- Location: McKean County
- Coordinates: 41°38′23″N 78°20′29″W﻿ / ﻿41.63972°N 78.34139°W
- Area: 11,604 acres (4,696 ha)
- Elevation: 2,300 feet (700 m)
- Max. elevation: 2,427 feet (740 m)
- Min. elevation: 1,600 feet (490 m)
- Owner: Pennsylvania Game Commission
- Website: https://www.pgc.pa.gov/HuntTrap/StateGameLands/Documents/SGL%20Maps/SGL__030.pdf

= Pennsylvania State Game Lands Number 30 =

Park in the United States

The Pennsylvania State Game Lands Number 30 are Pennsylvania State Game Lands in McKean County in Pennsylvania in the United States providing hunting, bird watching, and other activities.

==Geography==
State Game Lands Number 30 is located in Norwich Township in McKean County. Nearby communities include the unincorporated communities Straight Creek in Elk County, and Betula, Gardeau and Norwich in McKean County.

Highways passing nearby SGL 30 include U.S. Route 6, Pennsylvania Routes 46, 146, 155 and 607.

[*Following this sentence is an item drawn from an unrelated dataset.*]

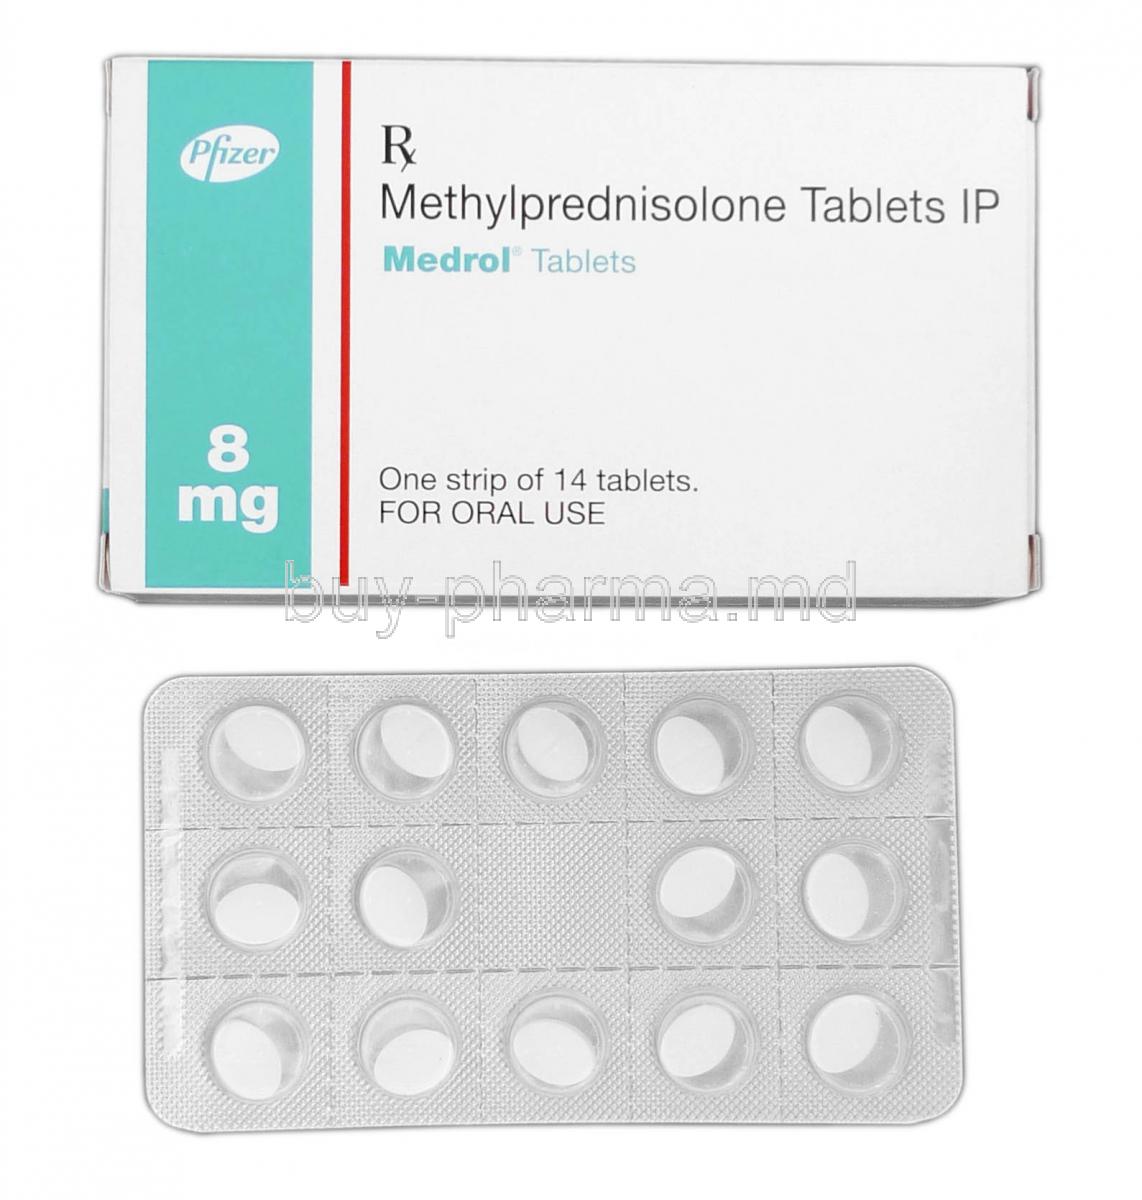 Medrol, Branded Medrol, Methylprednisolone 8mg, Box and Strip

The southeast portion of SGL 30 and a small southwest portion is drained by Hunting Shanty Run, North Creek, Oviatt Branch, Pepper Run, Twenty Seven Branch and Waldy Run, all leading to the Driftwood Branch Sinnemahoning Creek, to the Sinnemahoning Creek, to the West Branch Susquehanna River, all part of the Susquehanna River watershed. The remaining portions of SGL 30 are drained by East Branch Potato Creek, Hand Brook, Havens Run, Indian Run, Long Run, Lyman Run, Murdock Branch, Potato Creek, Railroad Run and Short Run, all part of the Allegheny River watershed.

Other nearby protected areas in Pennsylvania within 30 miles of SGL 30 include the Allegheny National Forest, Bendigo State Park, Bucktail State Park Natural Area, Cherry Springs State Park, Denton Hill State Park, Elk State Park, Kettle Creek State Park, Kinzua Bridge State Park, Lyman Run State Park and Sinnemahoning State Park, and Sproul State Forest, as well as Pennsylvania State Game Lands Numbers 14, 25, 44, 59, 61, 62, 204, 293, 301 and 311.

==Statistics==
SGL 30 was entered into the Geographic Names Information System on 2 August 1979 as identification number 1208051. Elevations range from 1600 ft to 2427 ft consisting of 11604 acres in a single parcel at .

==Biology==
Hunting and trapping species include bear (Ursus americanus), deer (Odocoileus virginianus), Ruffed grouse (Bonasa umbellus) and turkey (Meleagris vison).